Preventing attorneys who bring actions under fee shifting statutes from receiving fully compensatory fees will harm far more than the legal profession. Congress intended the fee shifting statutes to serve as an integral enforcement mechanism in a variety of federal statutes--most notably, civil rights and environmental statutes. The amicus briefs filed in this case make clear that we can expect many meritorious actions will not be filed, or, if filed, will be prosecuted by less experienced and able counsel. [n.6] Today's decision weakens the protections we afford important federal rights.

I dissent.


1 See 33 U.S.C. § 1365(d) (Clean Water Act); 42 U.S.C. § 6972(e) (Solid Waste Disposal Act).

2 See, e. g., R. Posner, Economic Analysis of Law § 21.9, pp. 534-535 (3rd ed. 1986).

3 See Canons of Ethics § 12, 33 A. B. A. Rep. 575, 578 (1908); Model Code of Professional Responsibility, DR 2-106(B)(8) (1980); ABA Model Rules of Professional Conduct Rule 1.5(a)(8) (1992).

4 A number of bills introduced in Congress would have done just this, by prohibiting "bonuses and multipliers" where a suit is against the United States, a State, or a local government. These bills failed to receive congressional approval. See Delaware Valley II, 483 U. S., at 739, n. 3 (dissenting opinion).
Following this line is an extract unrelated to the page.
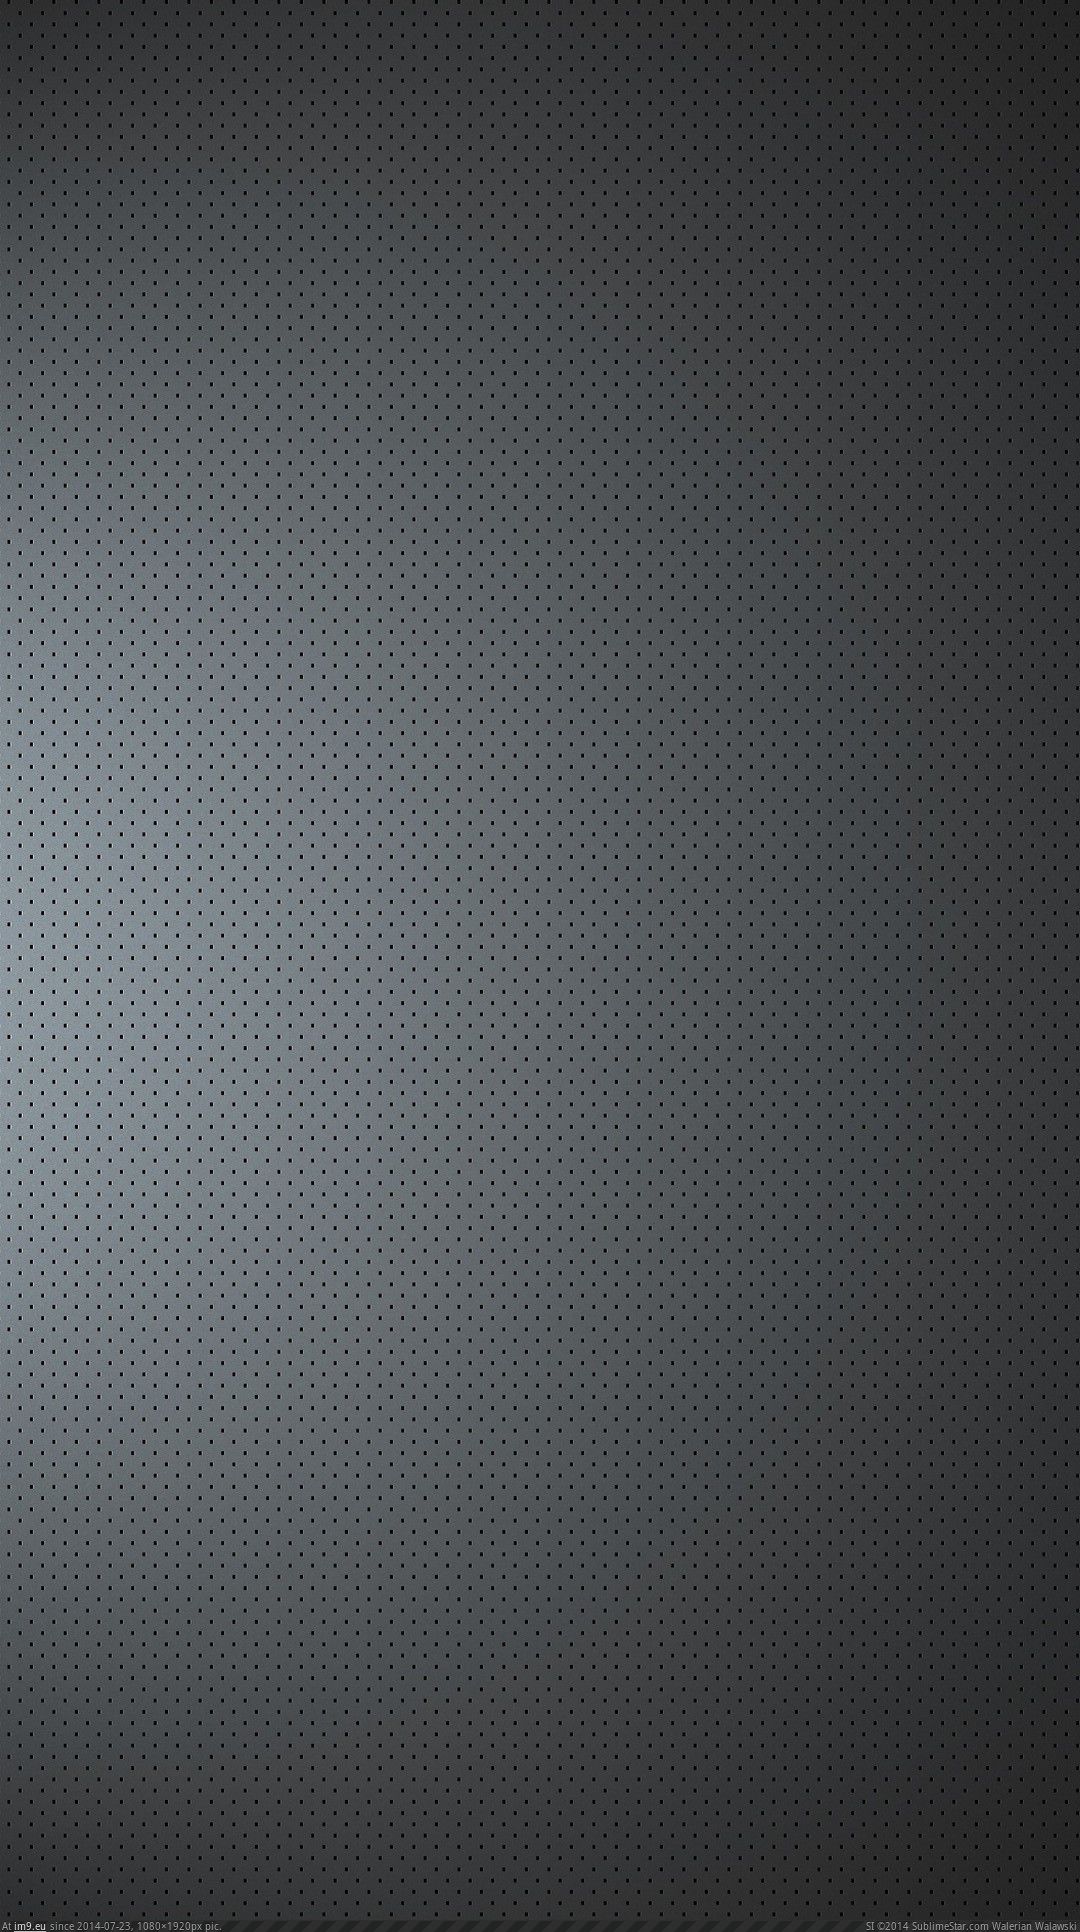 perforated-metal-texture-abstract-hd-wallpaper-1920x1080-4424 (in Idol6040Dpics)

Moreover, in some instances Congress explicitly has prohibited enhancements, as in the 1986 amendments to the Education of the Handicapped Act. See 20 U.S.C. § 1415(e)(4)(C) ("[n]o bonus or multiplier may be used in calculating the fees awarded under this subsection"). Congress' express prohibition on enhancement in this statute suggests that it did not understand the standard fee shifting language used elsewhere to bar enhancement. Cf. West Virginia University Hospitals, Inc. v. Casey, ___ U. S. ___, ___ ___ [111 S. Ct. 1138, 1141-1143] (1991) (relying, in part, on express authorization of expert witness fees in subsequently passed fee shifting statutes to infer that such fees could not have been included in unsupplemented references to "attorney's fees").

5 It is fair to say that petitioner's attention was directed almost exclusively toward the merits issues, both in the lower courts and in its petition for certiorari. While petitioner sharply contested respondents' entitlement to an award and objected to the amount of the lodestar, its opposition to enhancement occupies only a single page of its memorandum in opposition to the motion for fees and costs. See App. 224-225. Only a little more than one page of the 30-page petition for certiorari is devoted to the issue of contingency enhancement. See Pet. for Cert. 25-27.

6 See Brief for the Lawyers' Committee for Civil Rights Under Law et al. as Amicus Curiae 16-22; Brief for the Alabama Employment Lawyers Association et al. as Amicus Curiae 12-13.